Seguindo o pensamento weberiano SBH discorre sobre as diferenças
existentes entre o funcionário patrimonial e o burocrata. O funcionário
patrimonial pensa e age na gestão pública como assunto de seu interesse
particular. A visão patrimonial determina a escolha dos homens que
cumprirão as funções públicas de acordo com a confiança pessoal que
mereçam. É o que chamamos de clientelismo.
Já a visão burocrática é qualificada pela especialização das funções e
pela garantia jurídica aos cidadãos, em uma escolha impessoal dos
funcionários, de acordo com a capacitação para o cargo. Por exemplo,
através da realização de concursos públicos.

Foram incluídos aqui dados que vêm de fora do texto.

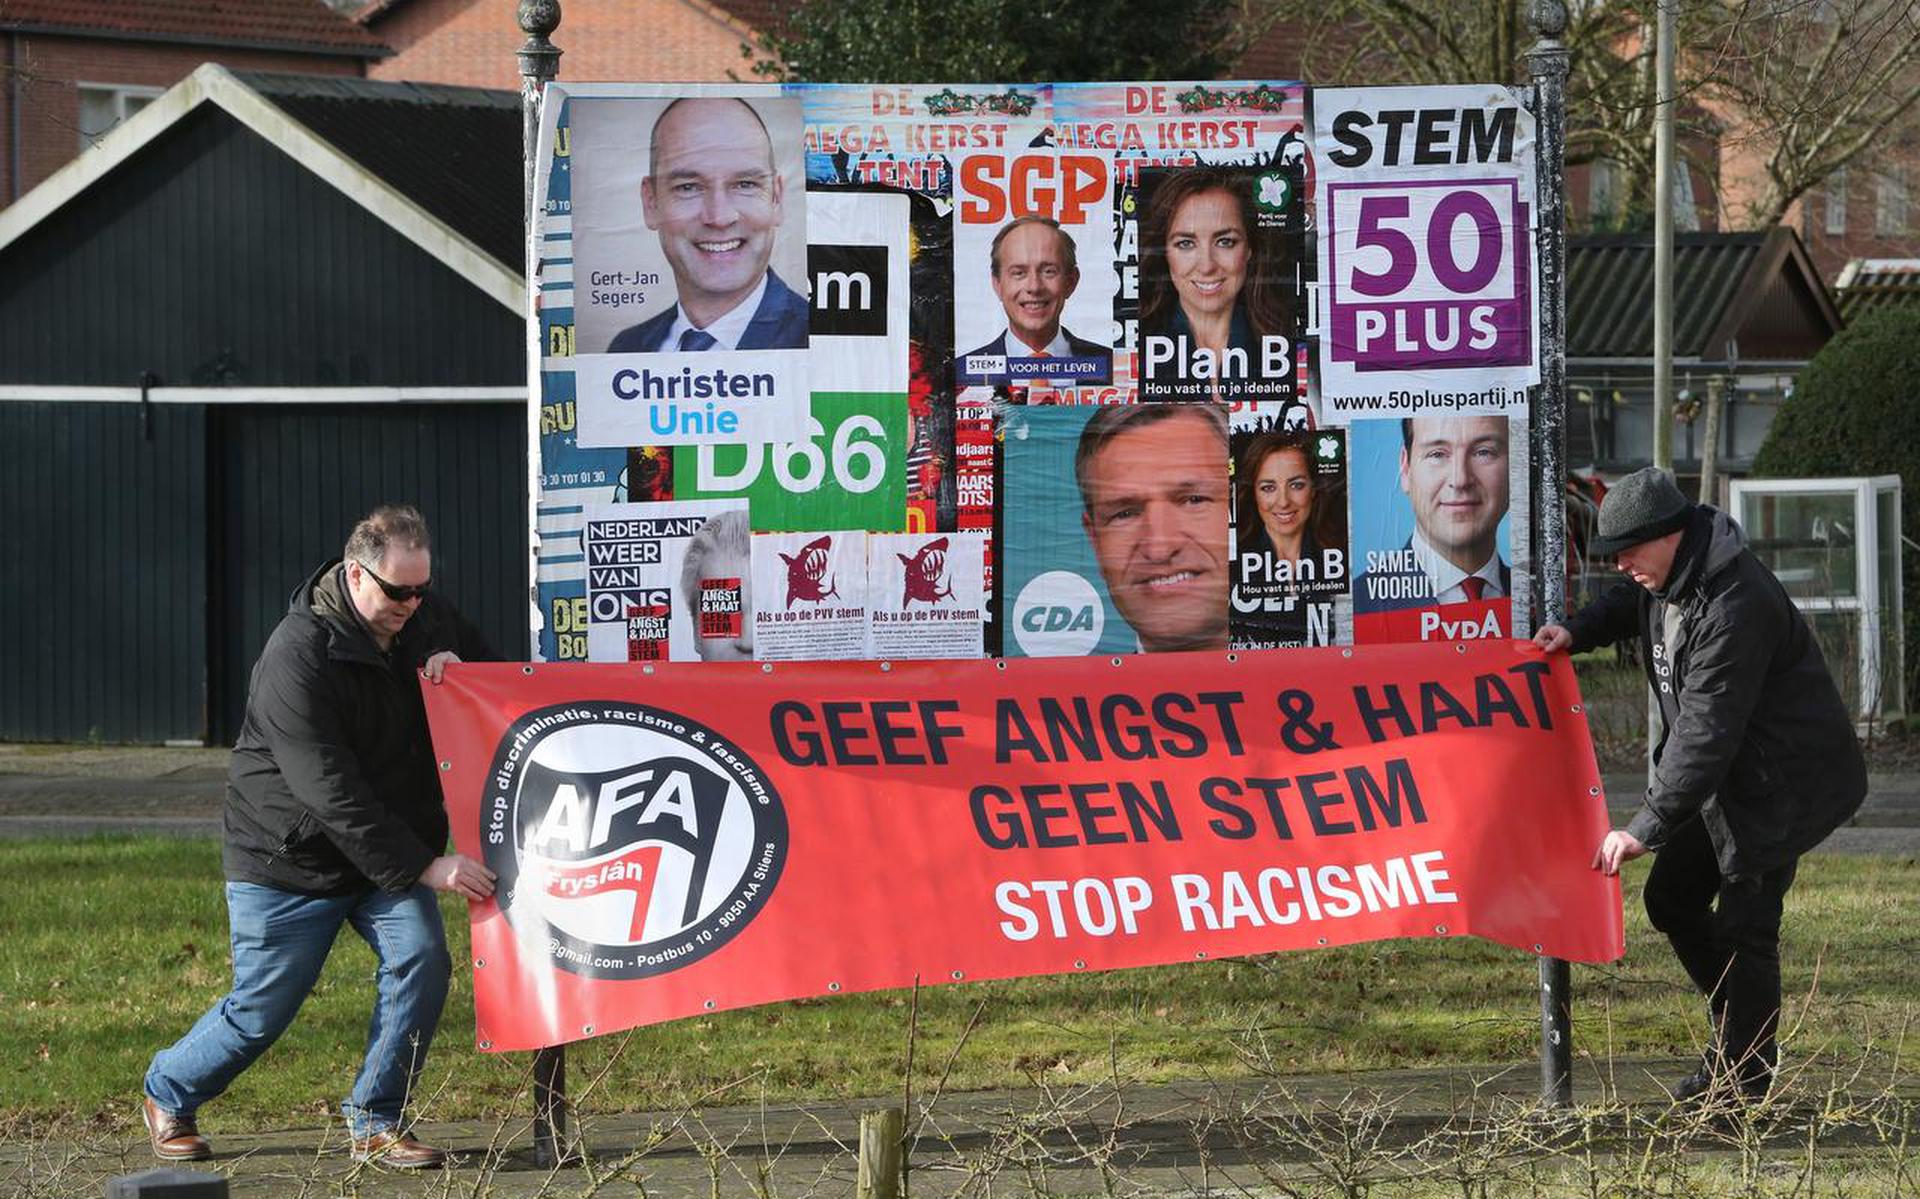 Een spanddoek van AFAF bij Gytsjerk in aanloop naar de Tweede Kamerverkiezingen van maart 2017. ARCHIEFFOTO NIELS WESTRA

O Brasil é fundado historicamente nestes círculos familiares, que se
tornaram o modelo de qualquer composição social no país. A contribuição
brasileira para a civilização é exatamente essa cordialidade, marcada pelo
fundo emotivo e avesso a qualquer ritualismo social.
A cordialidade brasileira demonstra a aversão à aceitação da
hierarquia superior, o desejo de estabelecer intimidade. Demonstramos esse
desejo em relação às pessoas, aos objetos e, até, aos nossos santos. Um
exemplo claro disso é a utilização do sufixo “inho”.